You have sticks with positive integer lengths. You can connect any two sticks into one for a cost equal to the sum of their lengths. Return the minimum total cost of connecting all sticks into a single stick.

Inputsticks = [2, 4, 3]

Output14

Combine 2+3=5 (cost 5), then 5+4=9 (cost 9). Total = 5+9 = 14.

sticks (comma-separated)

import heapq

def connect_sticks(sticks):
    heapq.heapify(sticks)
    cost = 0
    while len(sticks) > 1:
        a = heapq.heappop(sticks)
        b = heapq.heappop(sticks)
        cost += a + b
        heapq.heappush(sticks, a + b)
    return cost

function connectSticks(sticks) {
  const h = new MinHeap(sticks);
  let cost = 0;
  while (h.size() > 1) {
    const a = h.pop();
    const b = h.pop();
    cost += a + b;
    h.push(a + b);
  }
  return cost;
}

class Solution {
    public int connectSticks(int[] sticks) {
        PriorityQueue<Integer> pq = new PriorityQueue<>();
        for (int s : sticks) pq.offer(s);
        int cost = 0;
        while (pq.size() > 1) {
            int a = pq.poll();
            int b = pq.poll();
            cost += a + b;
            pq.offer(a + b);
        }
        return cost;
    }
}

int connectSticks(vector<int>& sticks) {
    priority_queue<int, vector<int>, greater<int>> pq(sticks.begin(), sticks.end());
    int cost = 0;
    while ((int)pq.size() > 1) {
        int a = pq.top(); pq.pop();
        int b = pq.top(); pq.pop();
        cost += a + b;
        pq.push(a + b);
    }
    return cost;
}

Explanation

Every time we connect two sticks, the cost is their combined length, and that combined stick gets reused in later connections. To keep total cost low, we should always join the two shortest sticks available — a classic Huffman-style greedy.

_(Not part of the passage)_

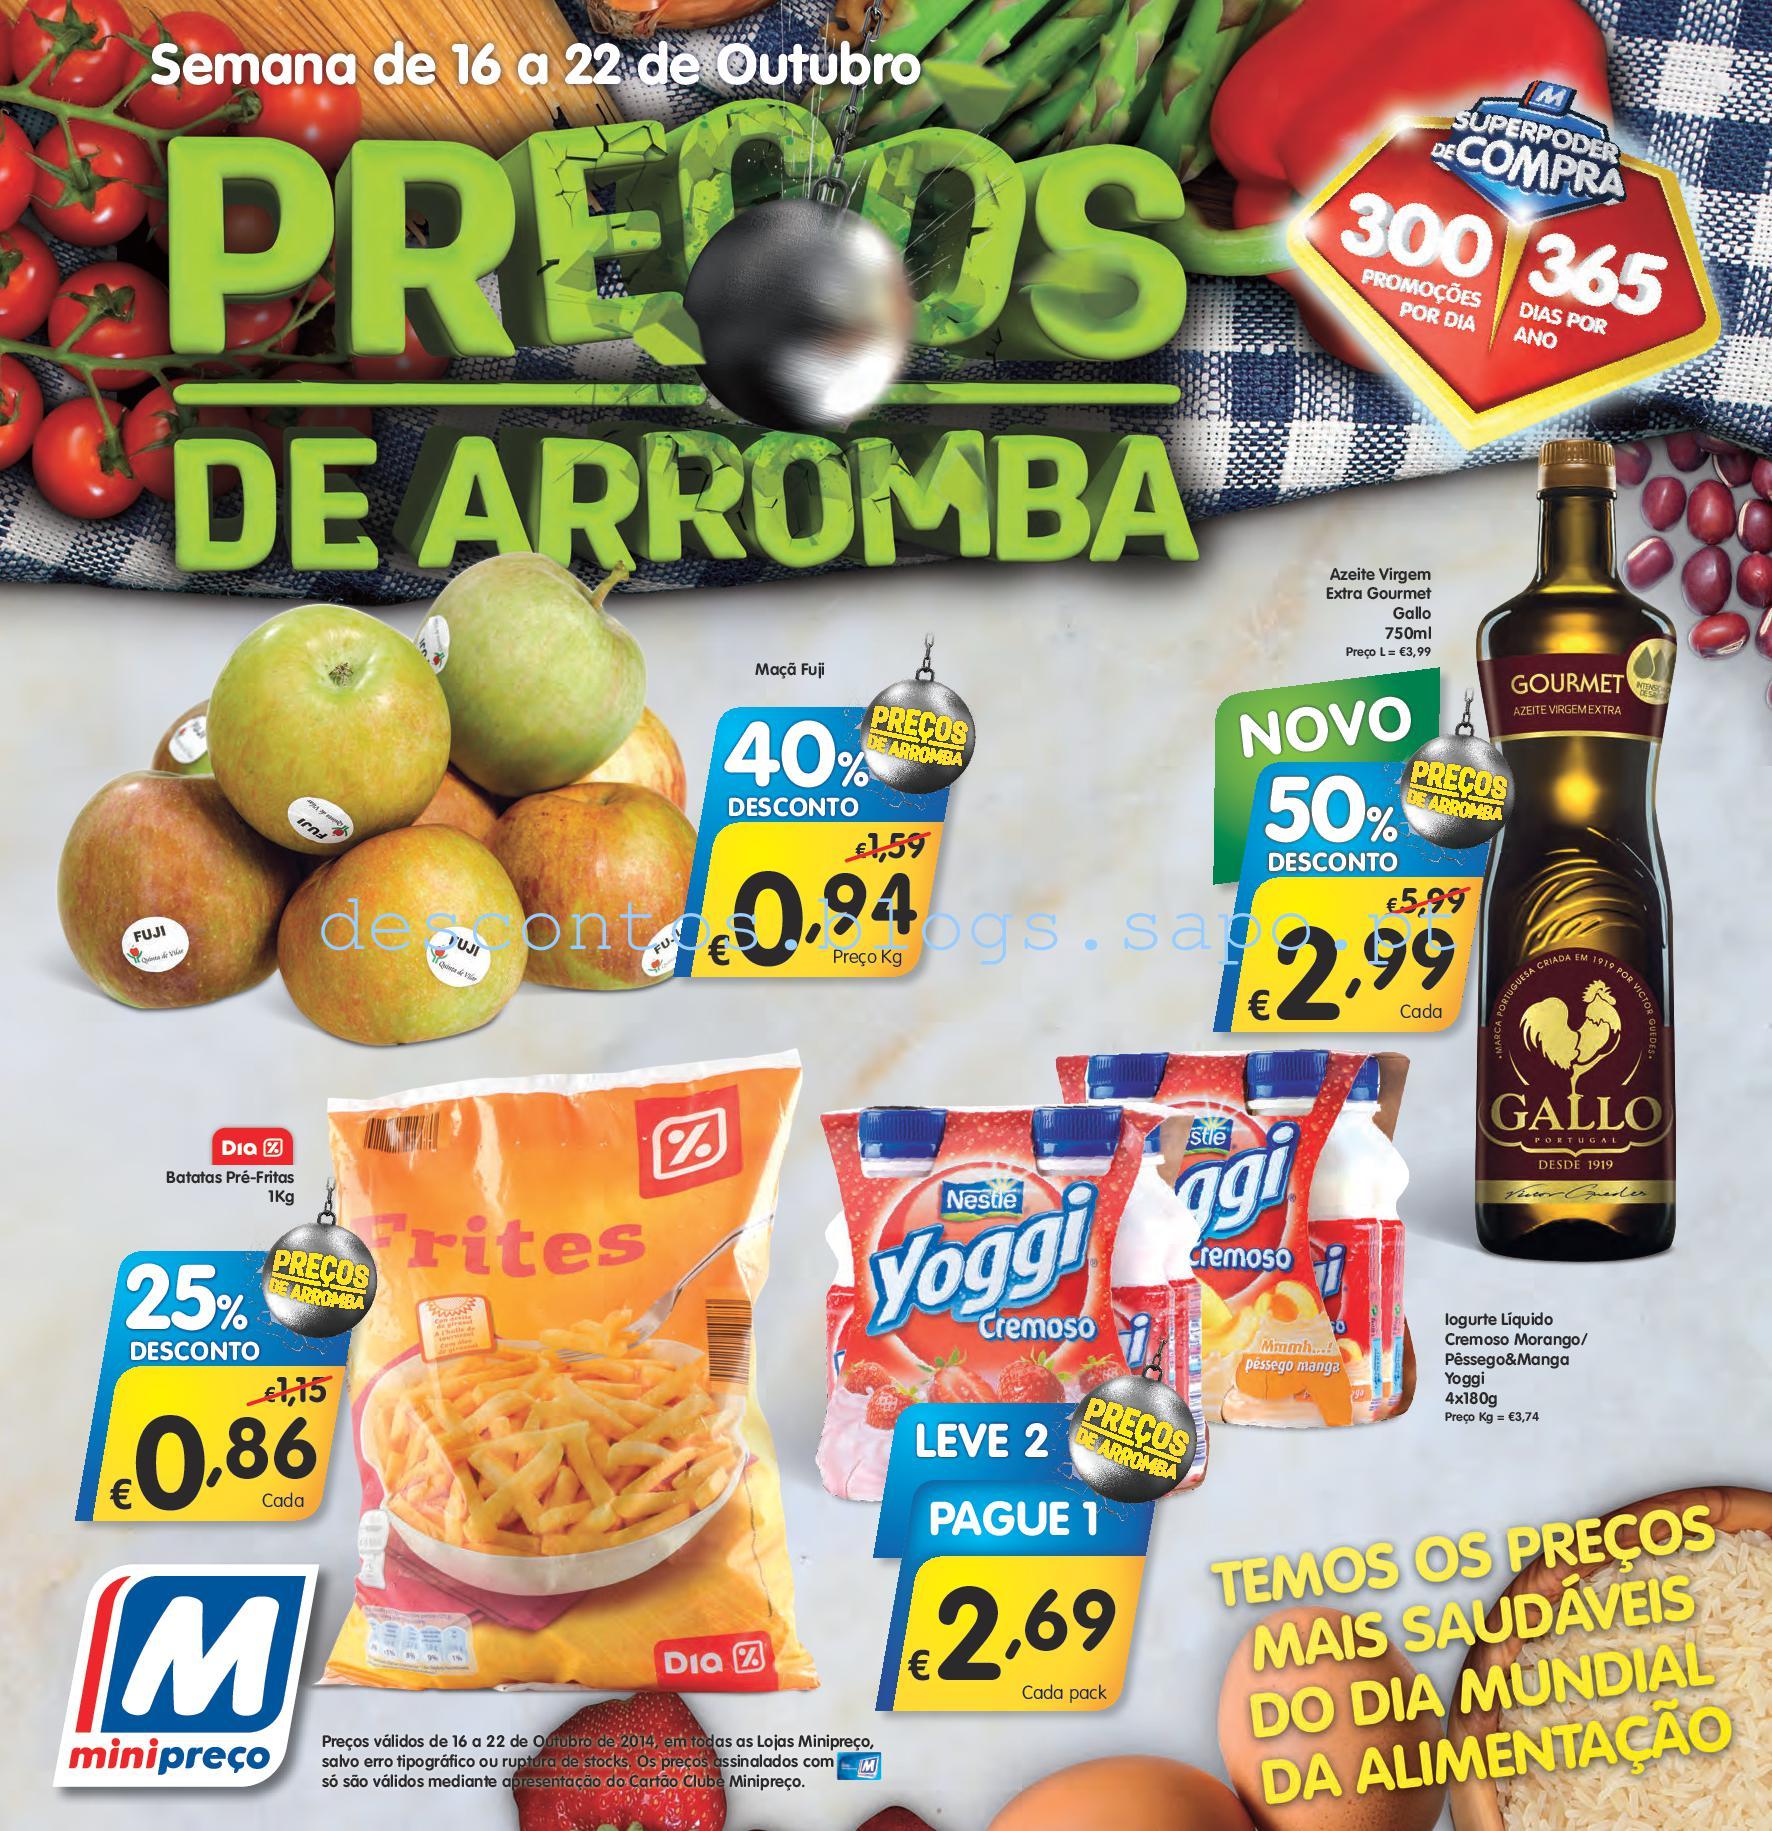 MINIPREÇO FOLHETO 16-22OUT_v2-001-001.jpg

Why the two shortest? Because a stick's length is counted again in every future merge it takes part in. Smaller sticks get merged first, so the big lengths are added to the total fewer times.

A min-heap makes this easy: its root is the shortest stick. We repeatedly pop the two smallest, add their sum to cost, and push the sum back as a new stick. We continue until only one stick remains.

Example: sticks=[2,4,3]. Pop 2 and 3 → cost 5, push 5 (heap is [4,5]). Pop 4 and 5 → cost 9, total 5 + 9 = 14. The answer is 14.

Each merge does a couple of heap operations costing log n, so the whole process is efficient even with many sticks.

Time: O(n log n) Space: O(n)